The stories in Elegantly Naked in My Sexy Mental Illness, Heather Fowler's fourth collection, hold a scalpel to the brain of each of its protagonists, in an attempt to differentiate true mental illness from what is natural and normal. When does a simple crush become an obsessive desire? At what point do we decide that these paranoid thoughts in our head are no longer innocent, no longer healthy?
In the opening story "Hand Licker", we meet a heartbroken mental case who sees his ex girlfriend's face everywhere he looks - in a burger and fries someone is eating, in other people's faces. His irresistible urge to lick their palms leads him to the redhead Claire, where he finds acceptance in a form he never knew before. In "Losing Married Women", our narrator unabashedly states "I am an unrepentant harvester of other people’s marriages", clearly not to blame for her insatiable appetite and eventual, habitual loss of interest.
There's a story about a women who becomes so fascinated with a co-worker's strange methods of hitting on her that even her own therapist tells her to shit or get off the pot; a relationship gone sour with a guy who's a confessed obsessive and the mental havoc it reeks on his paramour ; a doctor who can't keep his penis in his pants around one of his patients and why she allows it; a man who is abnormally attached to an old raggedy doll and his housekeeper; a good ole country girl with a club fist who gets a visit from a flirty little boy peddling bibles, only when he tries to take her on, she decides she won't go down without a fight.
And on and on.
The thing I love about Fowler and her characters is how they could be anybody. People you know, people you've accepted into your home, people who shoot the shit with you at work. Sure, they're a little weird, a little creepy at times, you all talk about them when their backs are turned, but they're nothing you haven't seen before, nothing to go to running to HR about. Her stories make you wonder, make you think, maybe even scare you a bit, give you those big ole goosebumps when you realize, shit, could have been me. How close am I standing to a situation like this right now? Could I ever be the object of someone's obsession and not even notice until it's too late?

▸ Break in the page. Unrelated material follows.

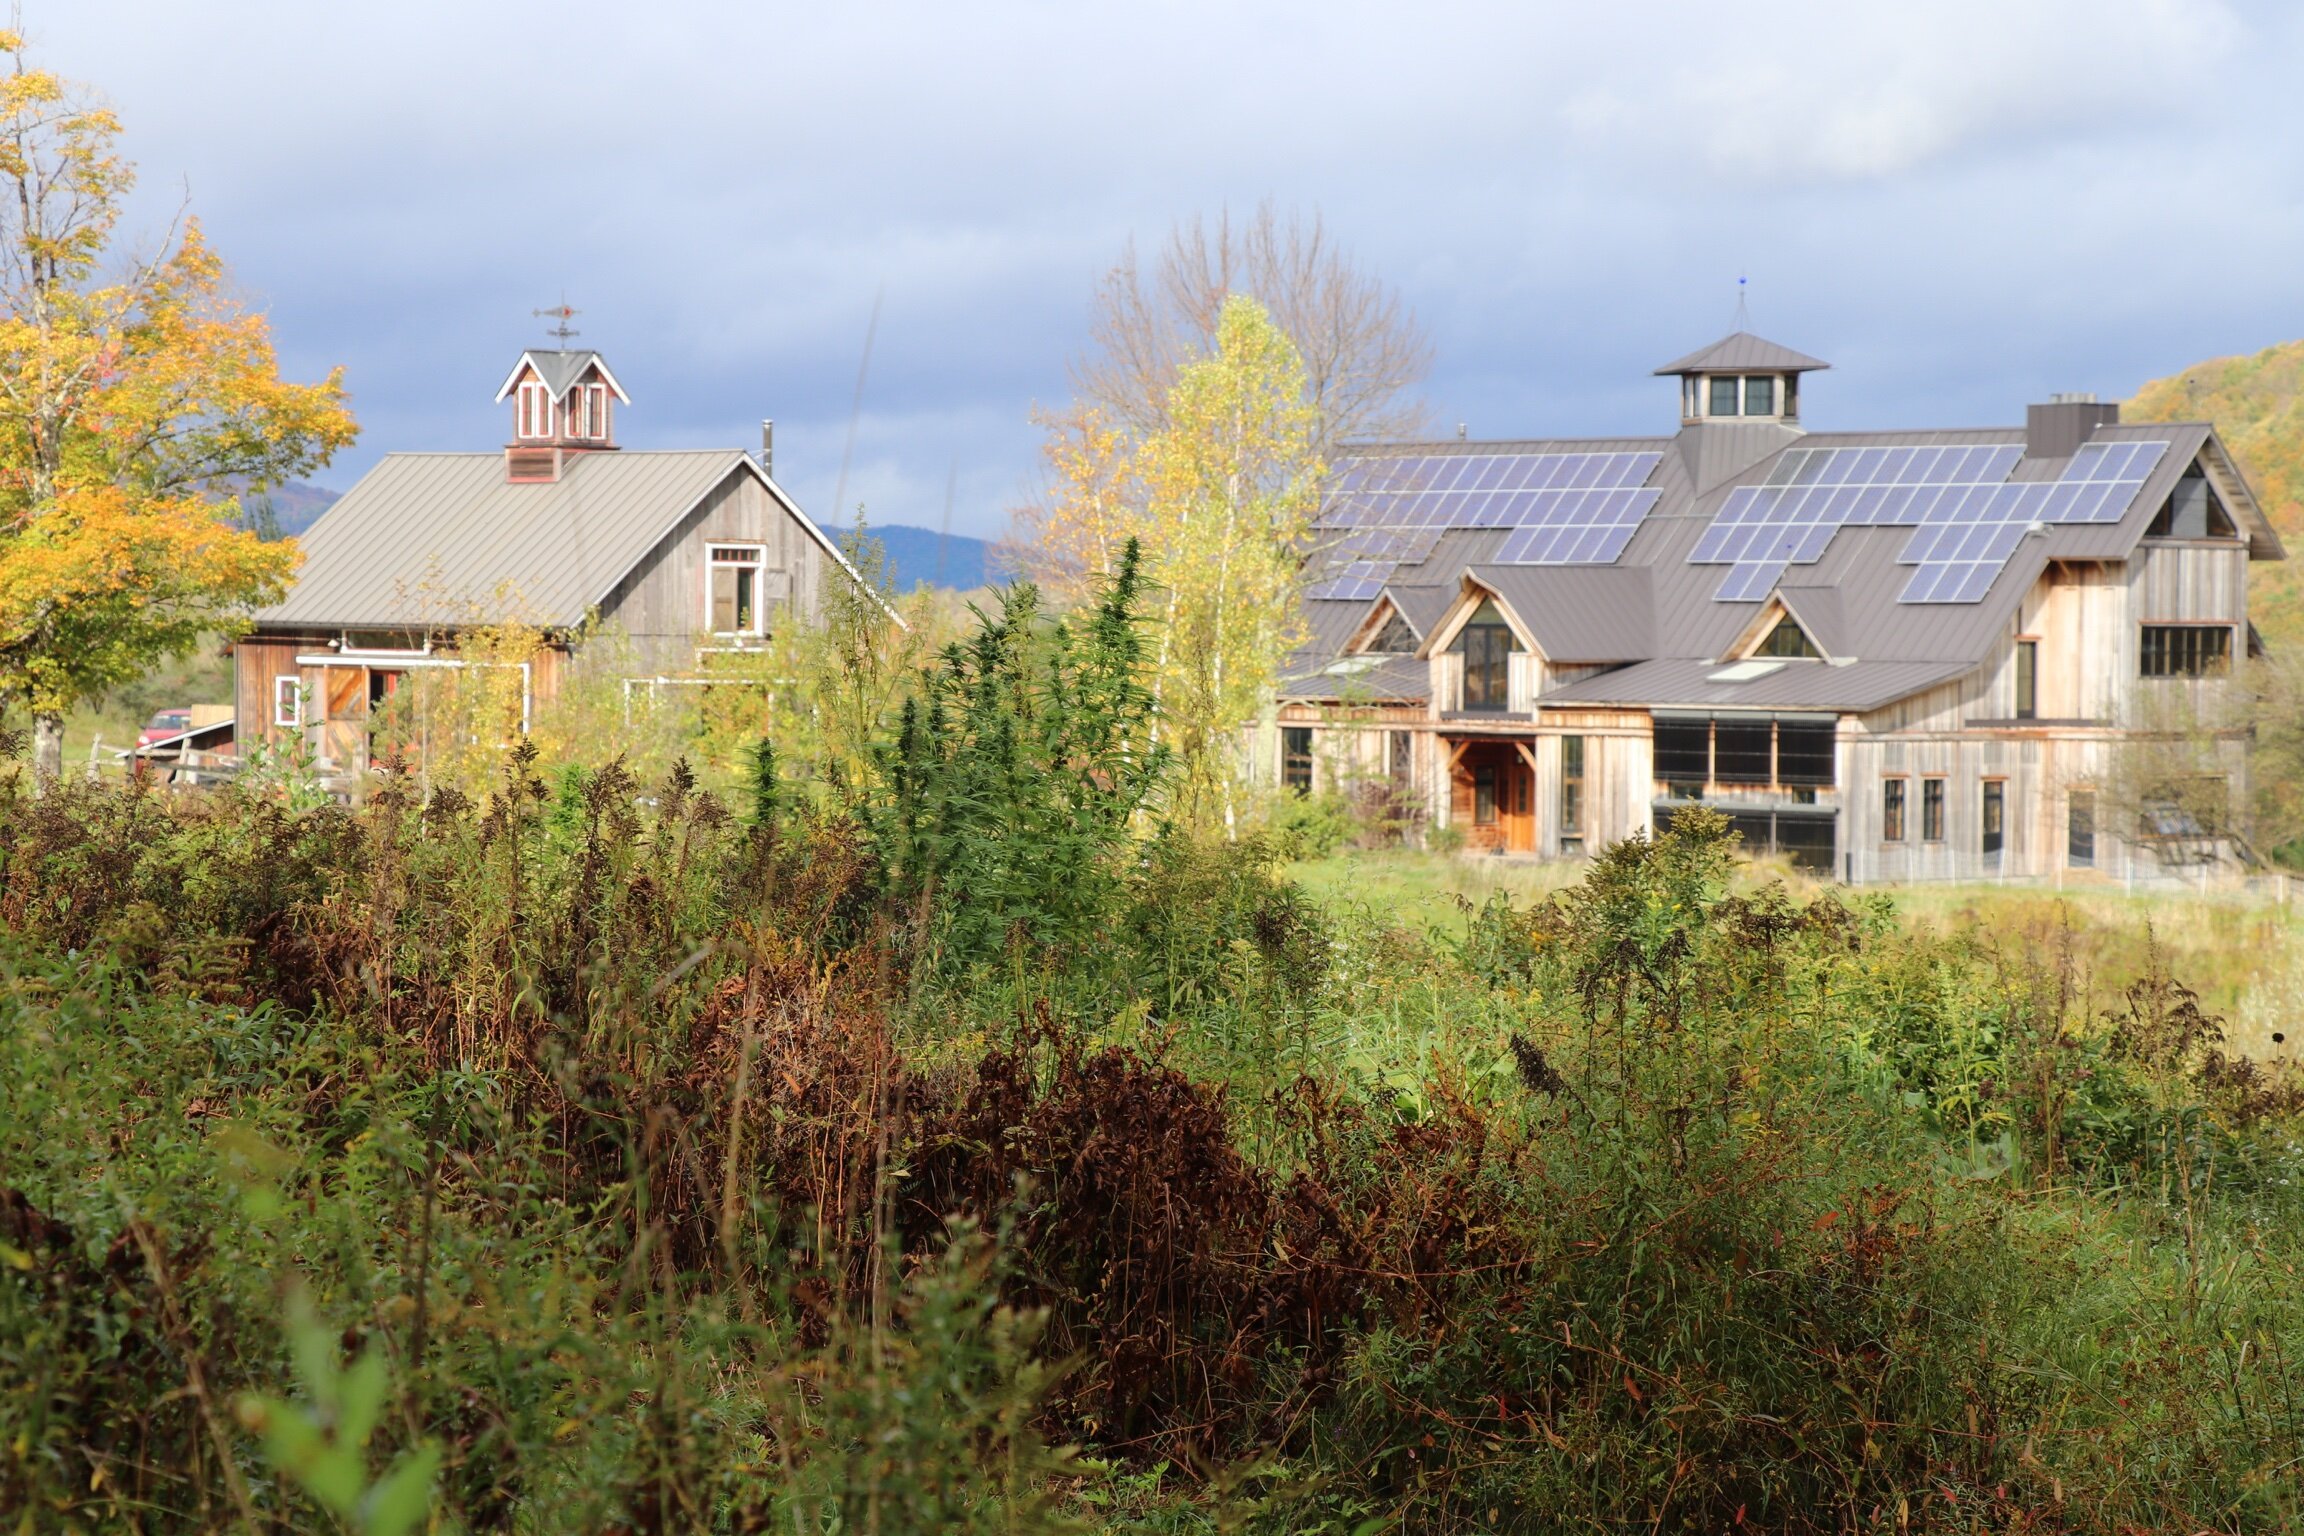 energy barn with solar panels and converted horse barn

After you read her stories, your guard will be up. Your eyes will turn their suspicious gaze left and right, left and right, all day long. You'll automatically diagnose everyone around you, and begin to keep your distance. But I promise it won't last long. Because the unease will wear off. The routine will suck you back in. The familiarity with these people, the trust, it will all return. And in a few week's time, it'll be as if you never looked at them any differently. And that's ok. Because it's the norm. And because sometimes, we find mental illness a little thrilling, a little sexy.
Heads up to those of you who'd like to learn a little bit more about Heather Fowler and this collection. Melanie, founder of Grab the Lapels (and TNBBC review contributor), has organized a blog tour and it'll be running around the internet all next week!
Here's the tour roster so you can follow along.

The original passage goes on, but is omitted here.